For the cathedral of Milan, Leone executed the five bronze figures for the monument of the condottiero Gian Giacomo Medici, brother of Pope Pius IV, in a marble architectural setting that Vasari attributed to a drawing by Michelangelo.

On a commission from Cardinal Granvelle (1516-86), Bishop of Arras, Archbishop of Malines, Viceroy of Naples, and the leading Habsburg minister, Leone cast life-sized half-figures in richly framed ovals, of Charles, Philip and the Cardinal, described by Vasari.[6]

A marble portrait of Giovan Battista Castaldo, at the Church of San Bartolomeo, Nocera Inferiore — a commission mentioned by Vasari who thought it was bronze anddid not know to which monastery it had been sent — was included in the exhibition "Tiziano e il ritratto di corte", Museo di Capodimonte, Naples, 2006.[7]

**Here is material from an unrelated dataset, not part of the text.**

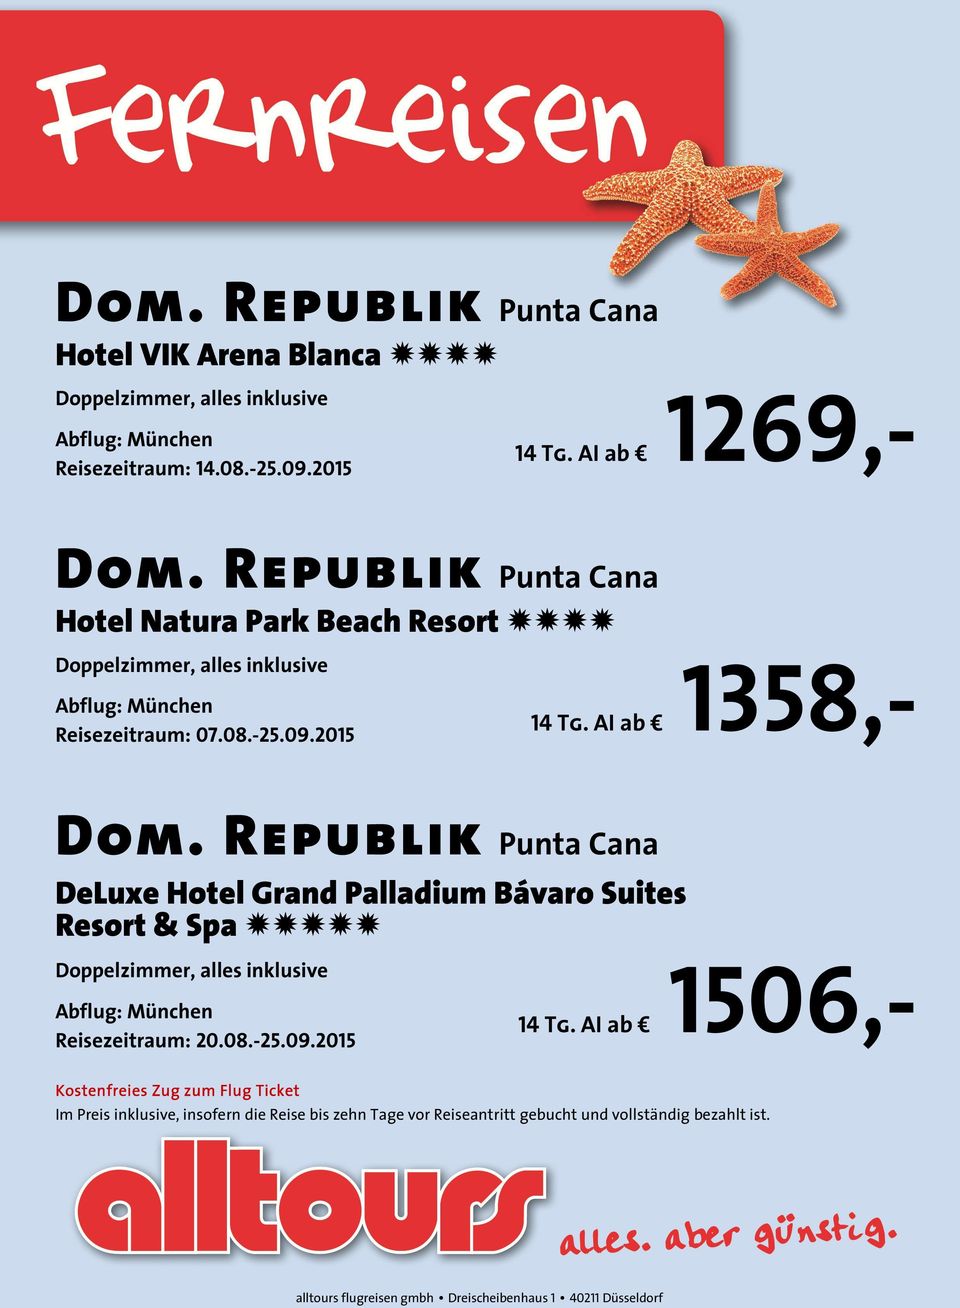 Republik Punta Cana DeLuxe Hotel Grand Palladium Bávaro Suites Resort & Spa NNNNN Reisezeitraum: 20.08.-25.09.2015 14 Tg.

Leoni's memorial in Milan Cathedral for Gian Giacomo Medici (died 1555).
Leoni's memorial in Milan Cathedral for Gian Giacomo Medici (died 1555).

Leoni's commissions for royal portraiture in Spain were an extension of his Habsburg patronage. On his return from Spain, where he executed the series of royal portraits, he brought a purse of 2000 scudi, according to Vasari. He pioneered what became a common Baroque format for a portrait bust; mounted on a pedestal, and truncated at mid-chest, or the bottom of the stomach (often defined by an armoured breast-plate), sweeping up at the sides to just below the shoulders. He also made life-size full-length portrait bronzes, like that of Charles V, which were not intended as funerary effigies, as nearly all previous examples had been.

Leoni was assisted in the monumental bronzes destined for the Escorial by his son Pompeo Leoni (c.1533–1608), who continued the large bronze-casting foundry after his father's death, in a style that is not securely separated from that of his father. Among the assistants to Pompeo was Adriaen de Vries.

Leoni's name remained among the few recognizable landmarks in 16th century sculpture and consequently attracted many attributions during the nineteenth century.[8]

George Sand's Leone Leoni is not based on the sculptor's career.